Machine vision in AI

AI is used in machine vision to expedite the decision-making process. AI can process a large amount of images and data information that was previously too difficult to gather.

Examples of how AI is used with machine vision include the following:

  • AI can assist with signature and character recognition, which require a level of nuance.
  • In manufacturing, AI helps with object recognition and materials inspection to enable machine vision systems to understand acceptable variations in the shape and texture of an object or material.
  • In quality assurance, an AI-enabled system can interpret acceptable anomalies rather than rejecting anything that doesn't rigidly fit one specification.

Machine vision in robotics

Machine vision, paired with AI and deep learning, expands the role of robots in performing production-line tasks, such as picking, sorting, placing and performing a manufacturing line scan. This combination of technologies also enables robotics to operate in other environments, such as supermarkets, hospitals and restaurants.
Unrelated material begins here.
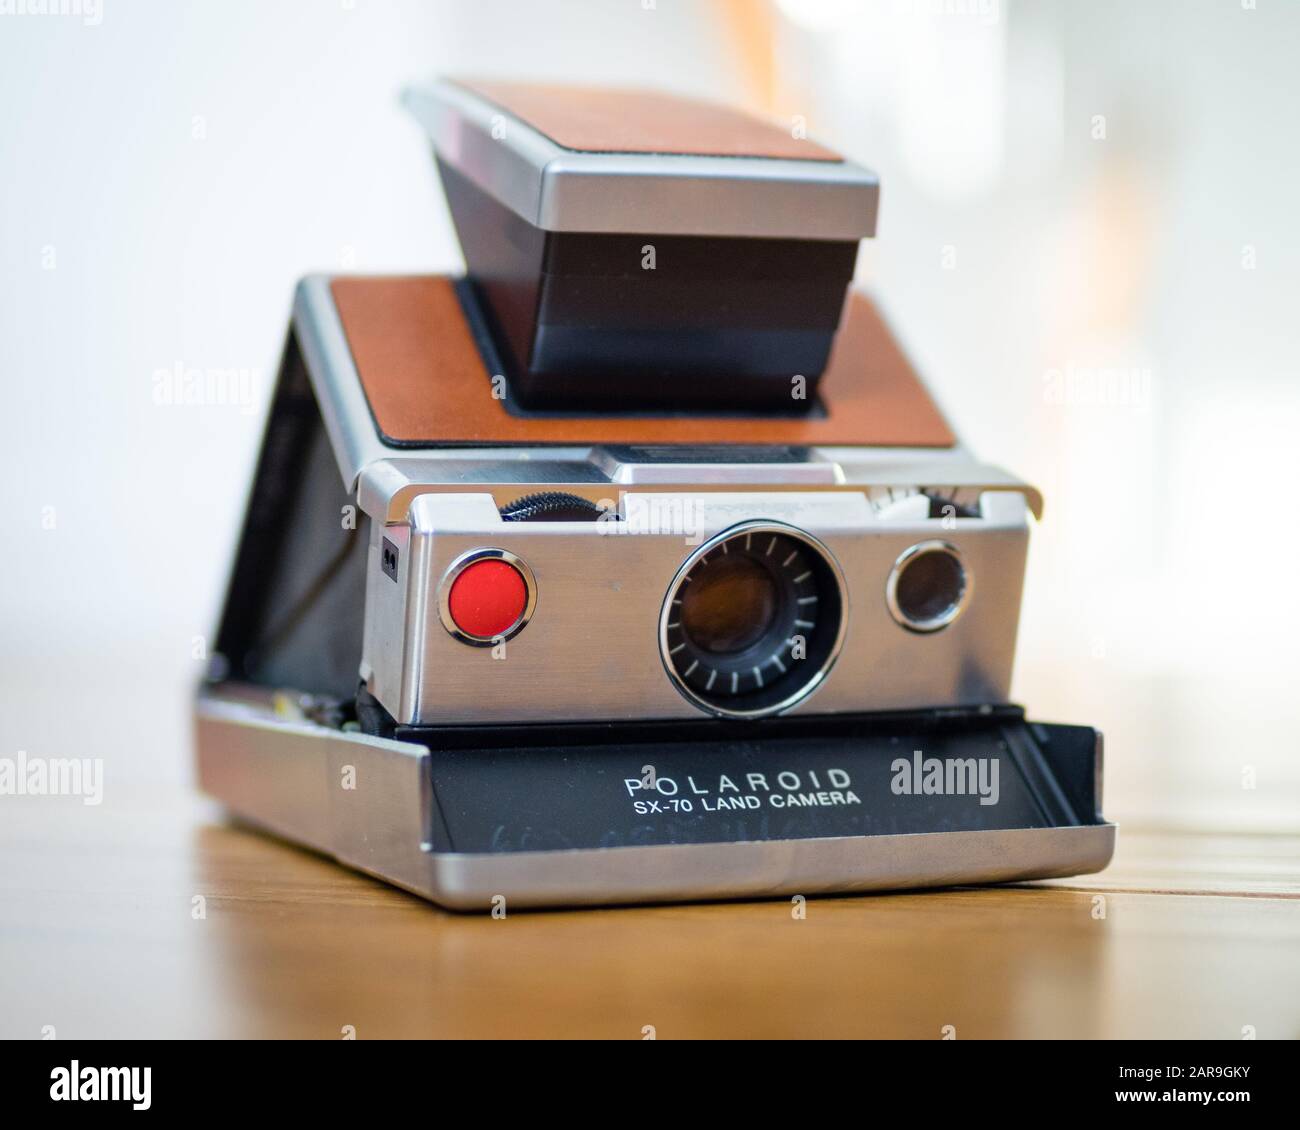 An original Polaroid SX-70 Land Camera, a folding single lens reflex  instant camera which was first produced by the Polaroid Corporation in 1972  Stock Photo - Alamy
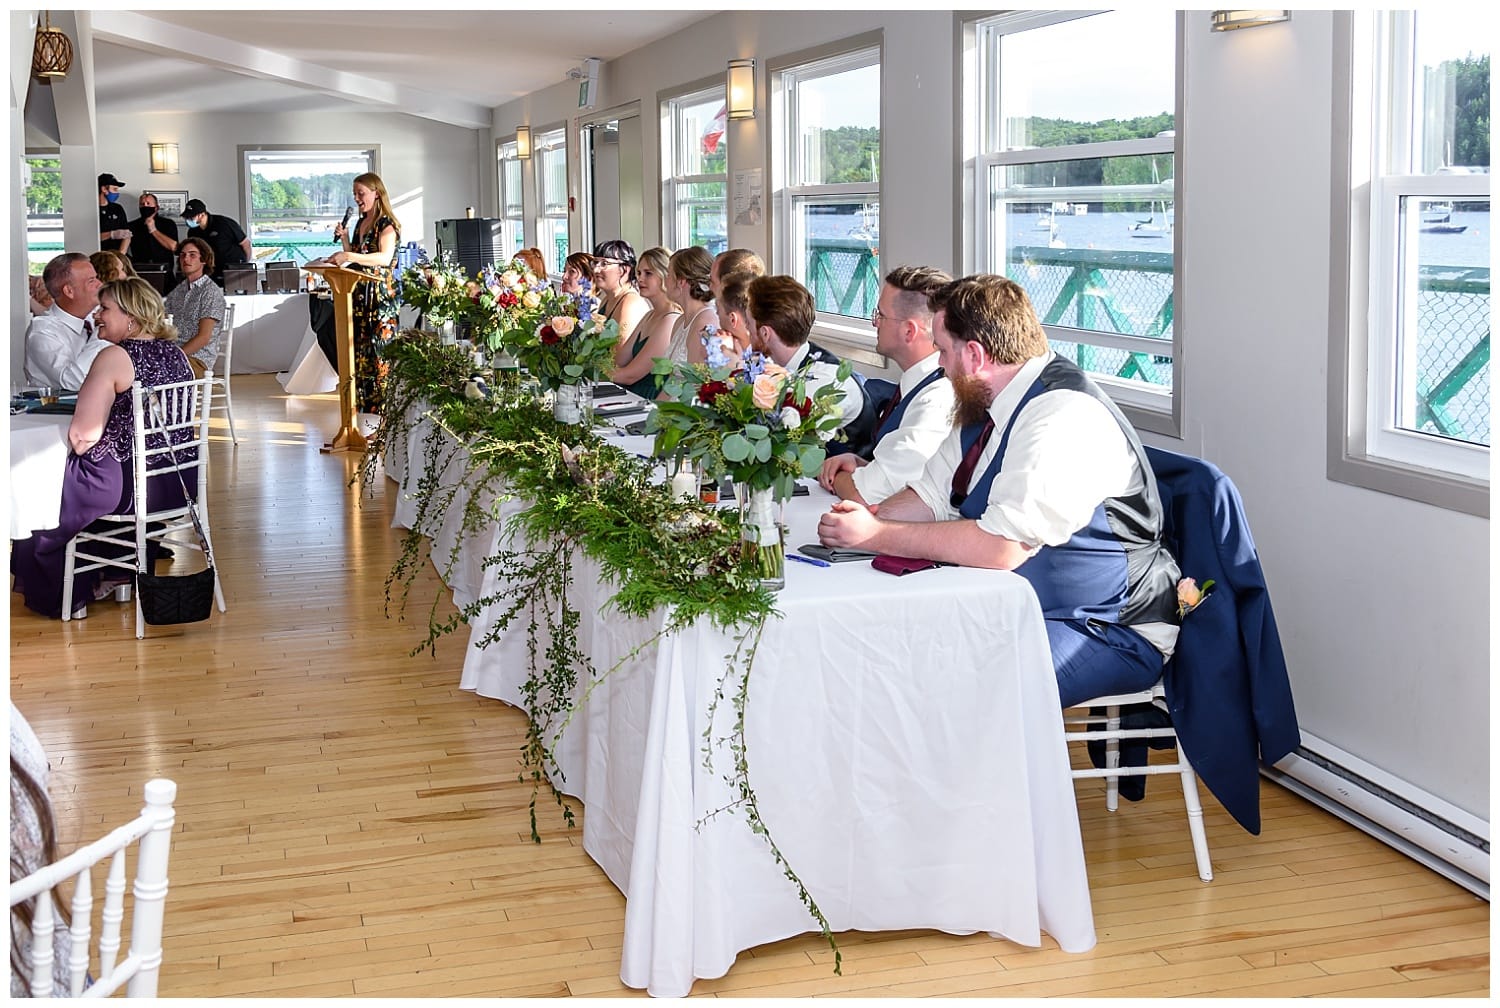 A MC announces the wedding party during a wedding reception at the St Mary's Boat Club in Halifax, NS.

Examples of how machine vision is used in robotics include the following:

  • A robot with machine vision can navigate the supermarket aisles, capturing inventory data about products on the store's shelves. It scans products using radio frequency identification (RFID) technology to read a barcode and can avoid obstacles in crowded aisles. Amazon Go retail stores use machine vision-powered systems to monitor inventory and check out customers when they're ready to pay.
  • Machine vision technology enables automation, making it possible for process sequences in various applications to be networked.
  • Machine vision also makes collaboration between robots and humans more efficient and safer. For example, in a supermarket, a robot can be dedicated to performing inventory management tasks so that human associates have more time to assist customers. The robot can perform inventory scans more frequently than people with greater accuracy. On an assembly line, robots with machine vision can analyze hazardous materials and perform other dangerous tasks without exposing workers to unsafe conditions.
  • The data machine vision-enabled robots collect and use can be processed in the cloud or at the edge of the network, enabling scalability and detailed data analysis.

What is the difference between machine vision and computer vision?

In some cases, the terms machine vision and computer vision are used synonymously. In other cases, distinctions are made.

Machine vision is often associated with industrial applications of a computer's ability to see. The term computer vision is often used to describe any technology in which a computer is tasked with digitizing an image, processing the data it contains and taking some kind of action.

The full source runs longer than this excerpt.